* Try it *
From the first line to the last, print the material exactly, skipping the pictures.

* Data *
------------------------------------------------
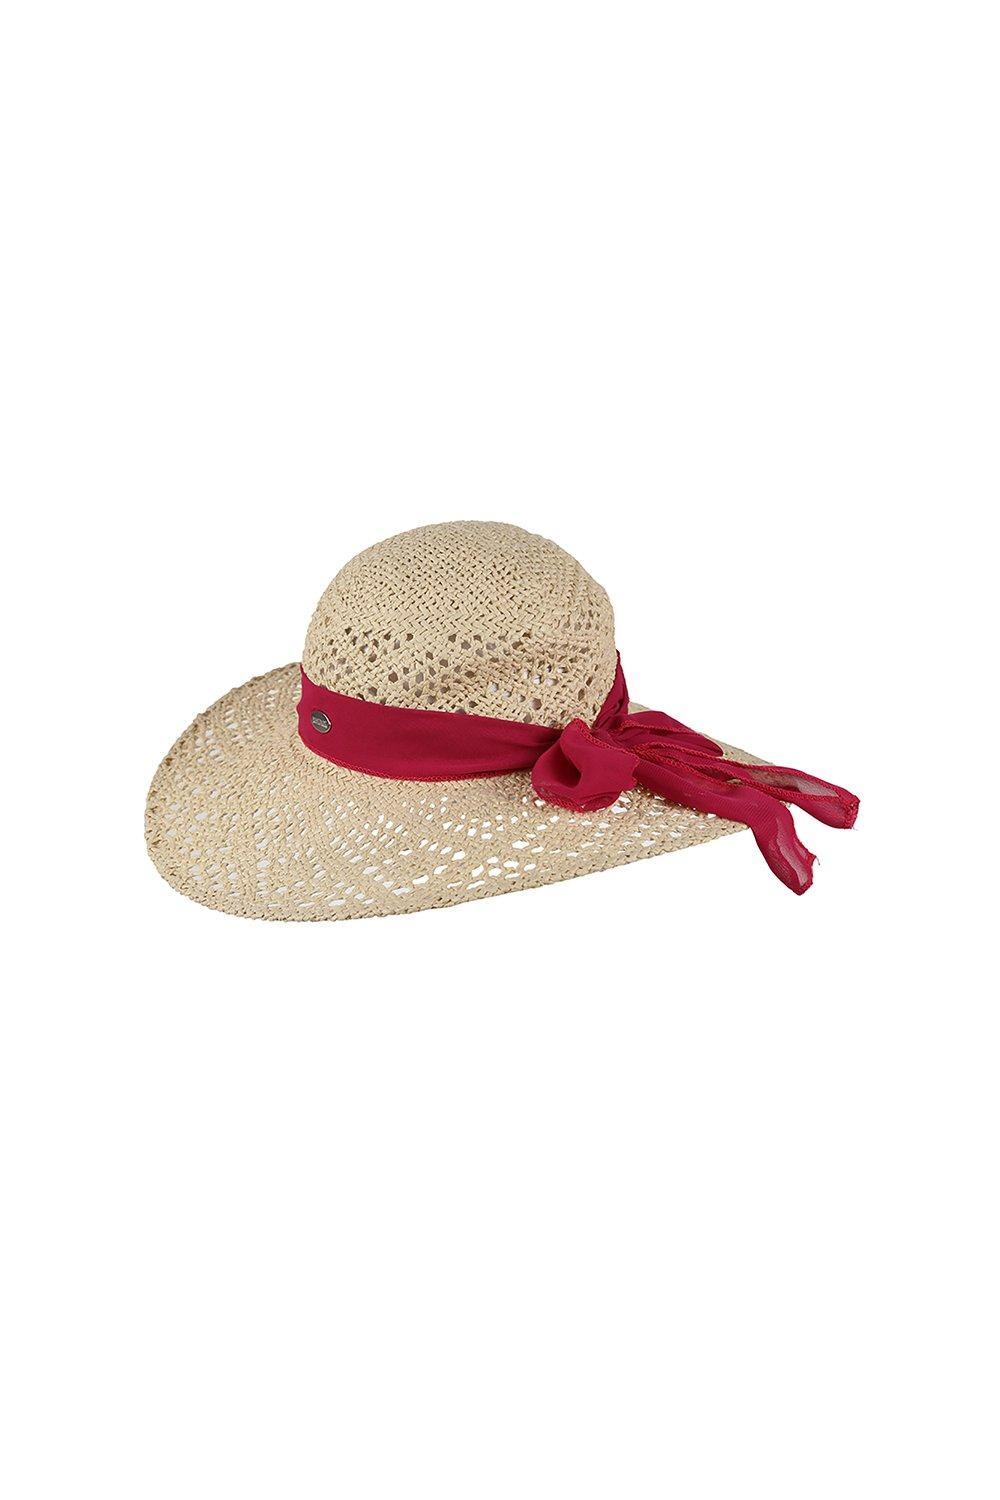 'Taura III' Соломенная бумажная шляпа от солнца Regatta, белый персонализированная широкополая фетровая шляпа портативная дышащая унисекс шляпа женская шляпа ковбойская шляпа
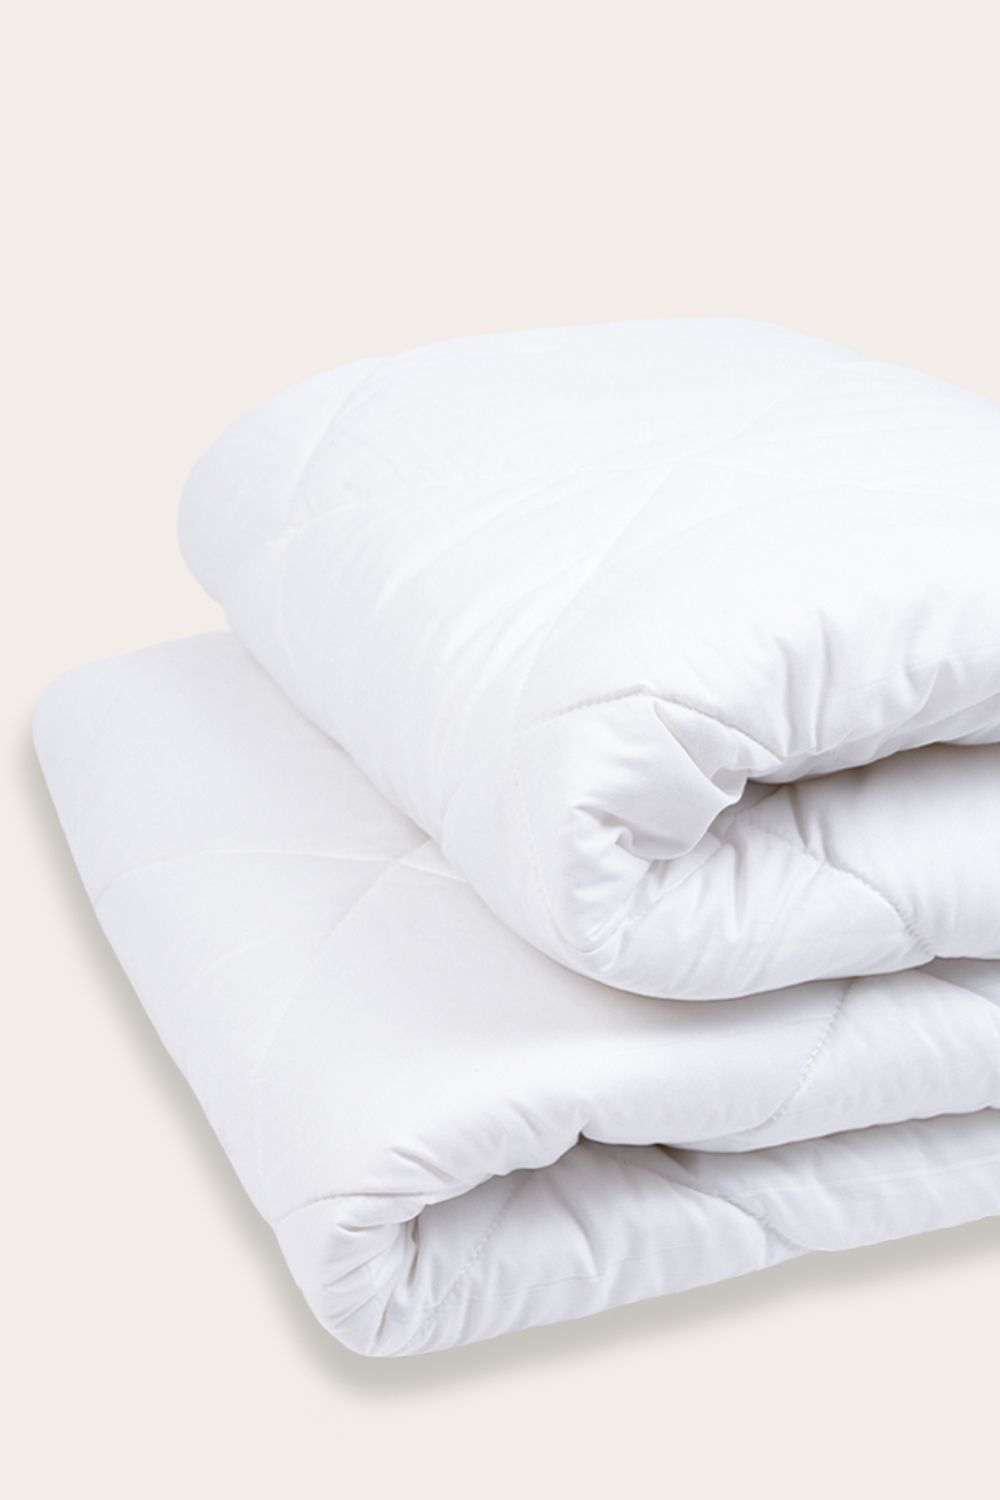 Одеяло SONNO AURA 2-сп. 170х205 гипоаллергенное , наполнитель Amicor TM Цвет Ослепительно белый - Ослепительно белый
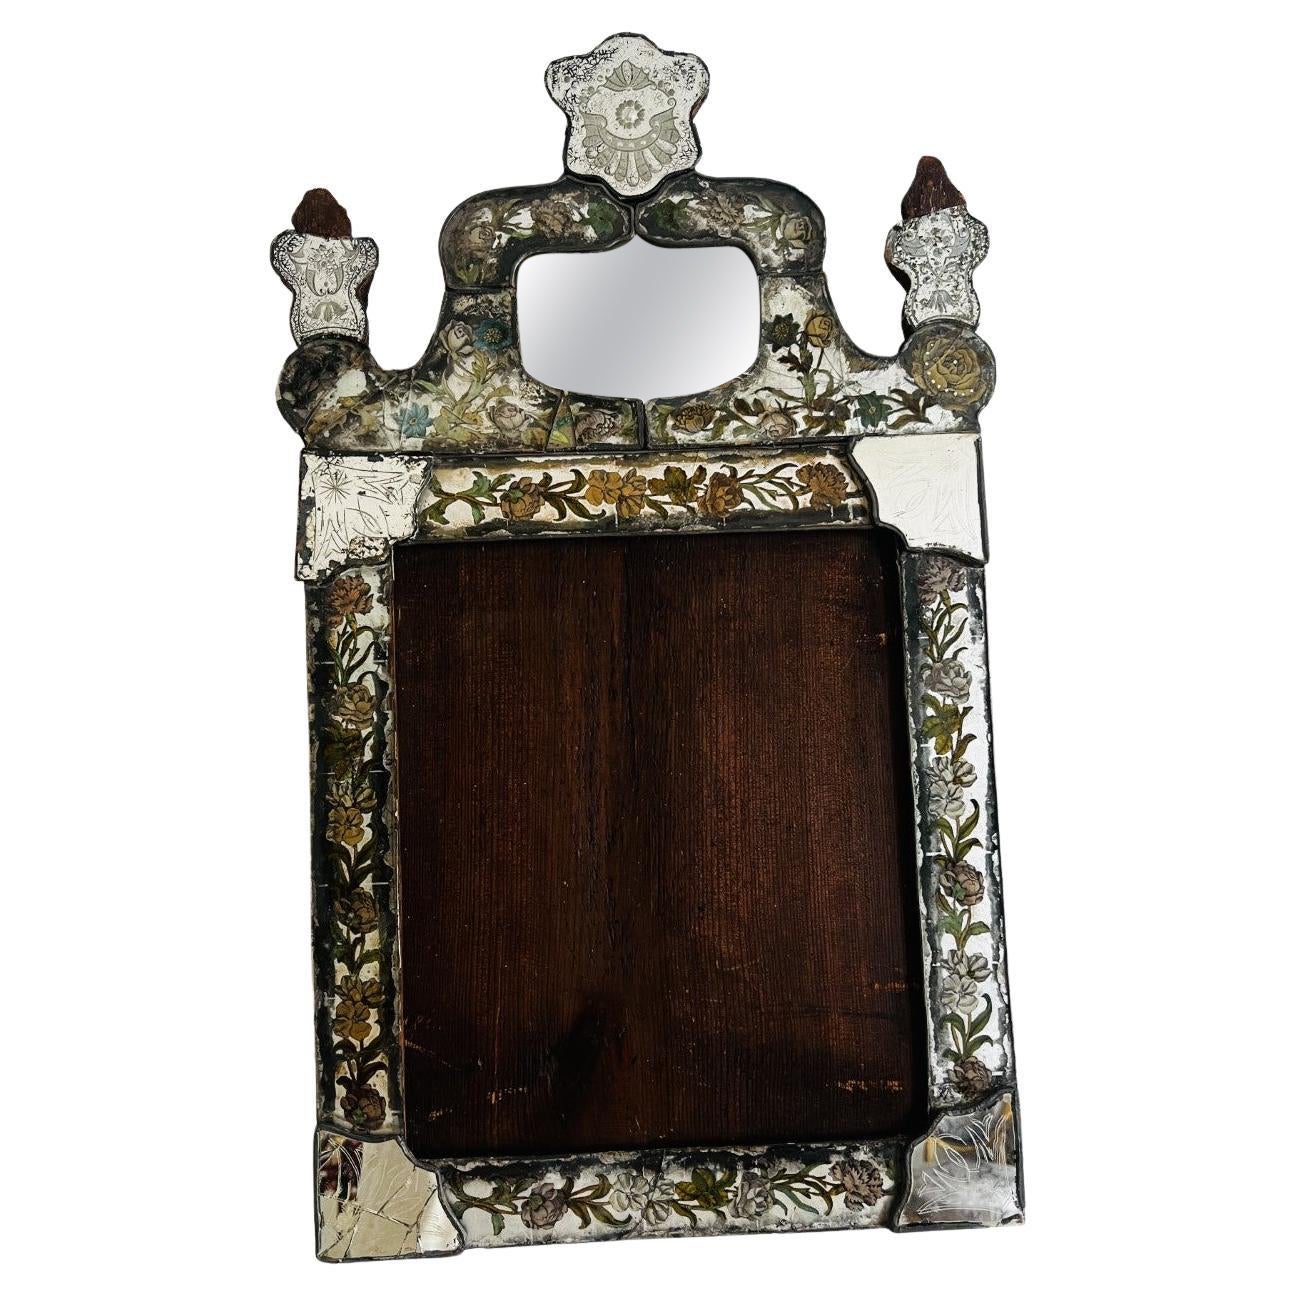 Rare miroir vénitien ancien du 17ème siècle
------------------------------------------------
* Task answer *
 'Taura III' Соломенная бумажная шляпа от солнца Regatta, белый персонализированная широкополая фетровая шляпа портативная дышащая унисекс шляпа женская шляпа ковбойская шляпа
 Одеяло SONNO AURA 2-сп. 170х205 гипоаллергенное , наполнитель Amicor TM Цвет Ослепительно белый - Ослепительно белый
 Rare miroir vénitien ancien du 17ème siècle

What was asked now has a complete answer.